On Sun, Sep 02 2018, Jeff King wrote:

> On Sun, Sep 02, 2018 at 03:55:28AM -0400, Jeff King wrote:
>
>> I still think the more interesting long-term thing here is to reuse the
>> pack verification from index-pack, which actually hashes as it does the
>> per-object countup.
>>
>> That code isn't lib-ified enough to be run in process, but I think the
>> patch below should give similar behavior to what fsck currently does.
>> We'd need to tell index-pack to use our fsck.* config for its checks, I
>> imagine.
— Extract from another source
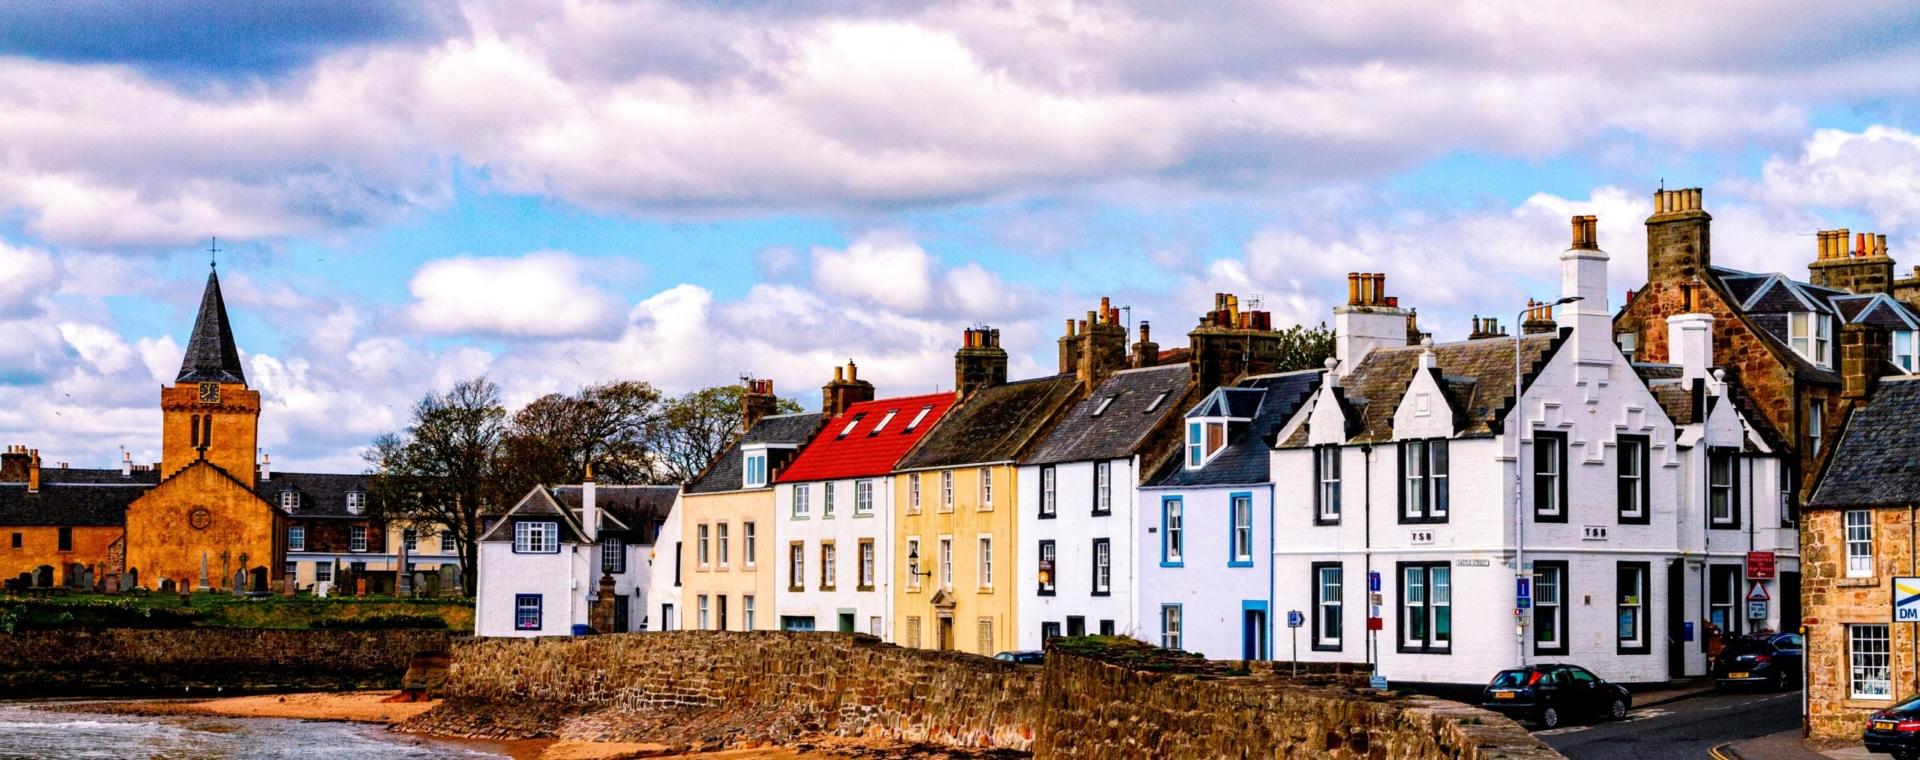 Miasto w Szkocji
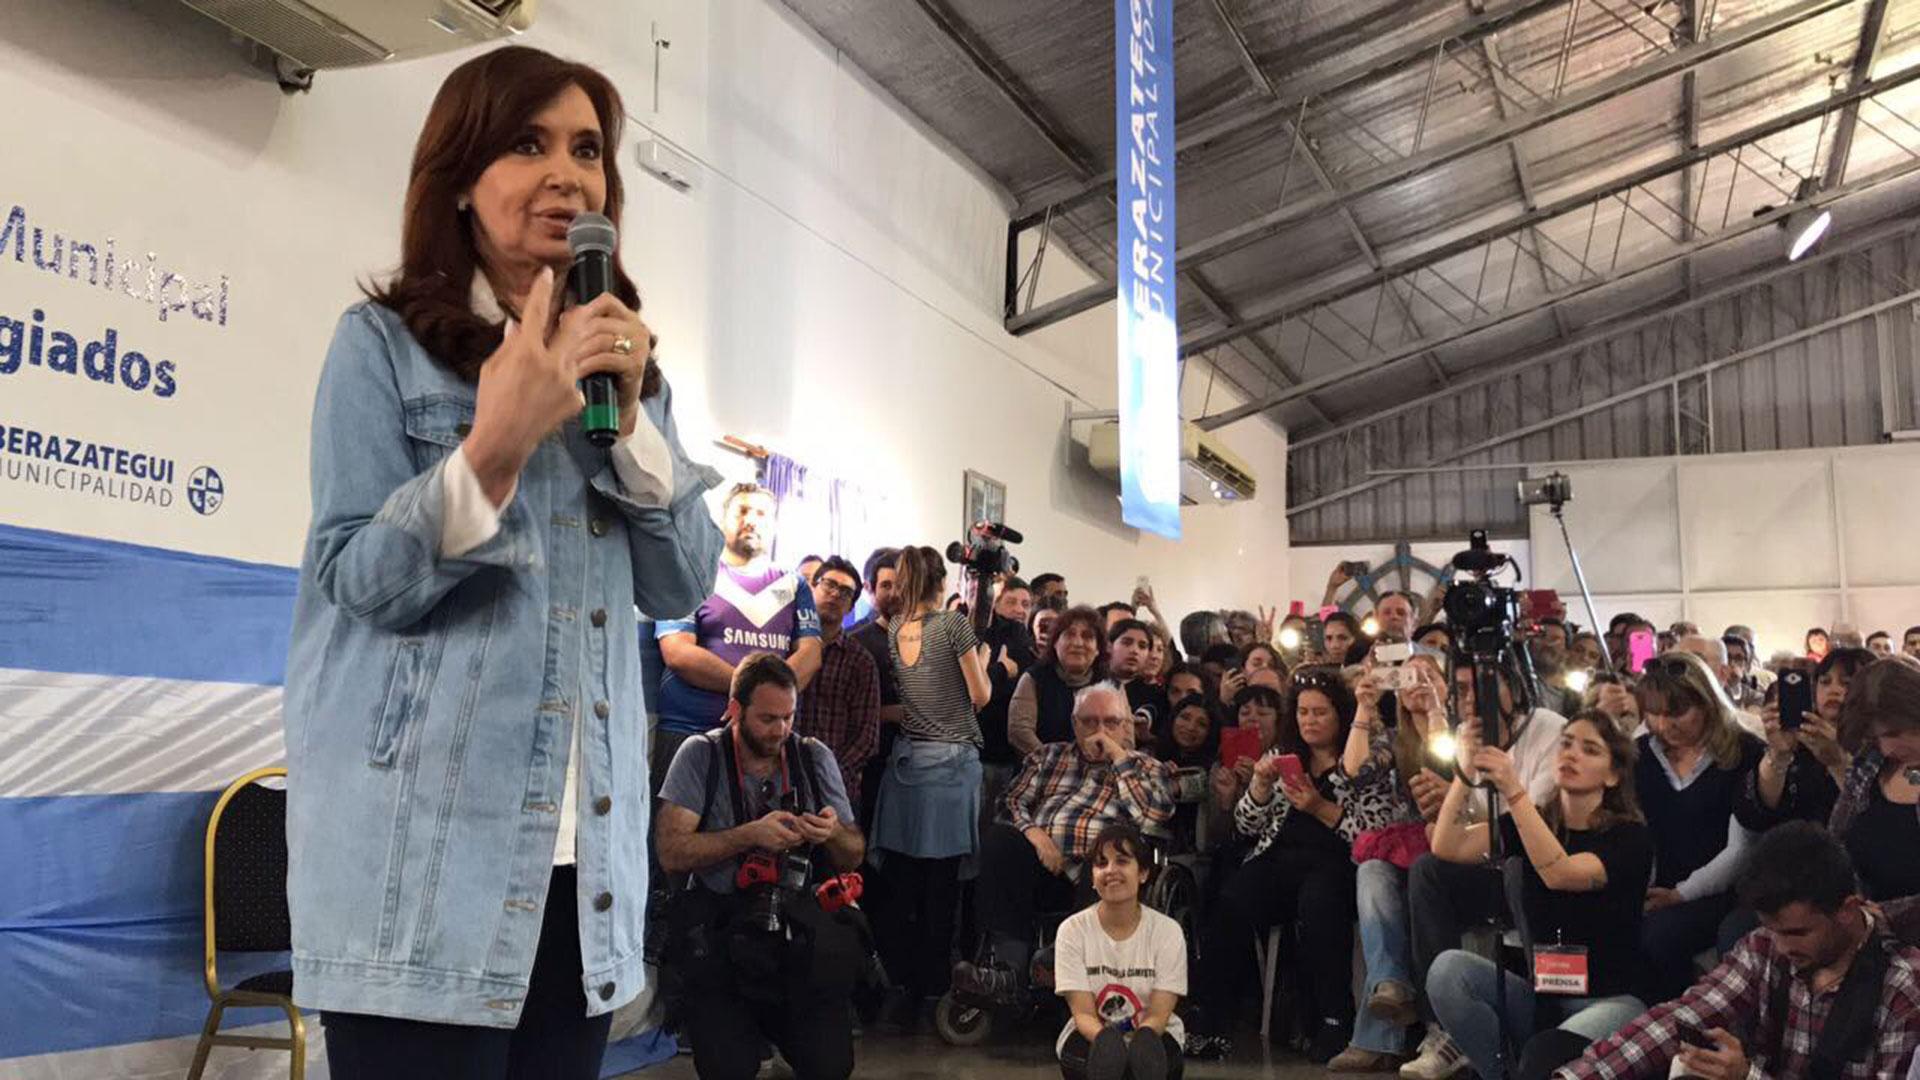 Un sector del peronismo quiere distanciarse de Cristina Kirchner y comenzar un nuevo proyecto

The progress here is still per-pack, but I think we could pass
>> in sufficient information to have it do one continuous meter across all
>> of the packs (see the in-code comment).
>>
>> And it makes the result multi-threaded, and lets us drop a bunch of
>> duplicate code.
>
> Here's a little polish on that to pass enough progress data to
> index-pack to let it have one nice continuous meter. I'm not sure if
> it's worth all the hackery or not. The dual-meter that index-pack
> generally uses is actually more informative (since it meters the initial
> pass through the pack and the delta reconstruction separately).

Thanks!

> And there are definitely a few nasty bits (like the way the progress is
> ended). I'm not planning on taking this further for now, but maybe
> you or somebody can find it interesting or useful.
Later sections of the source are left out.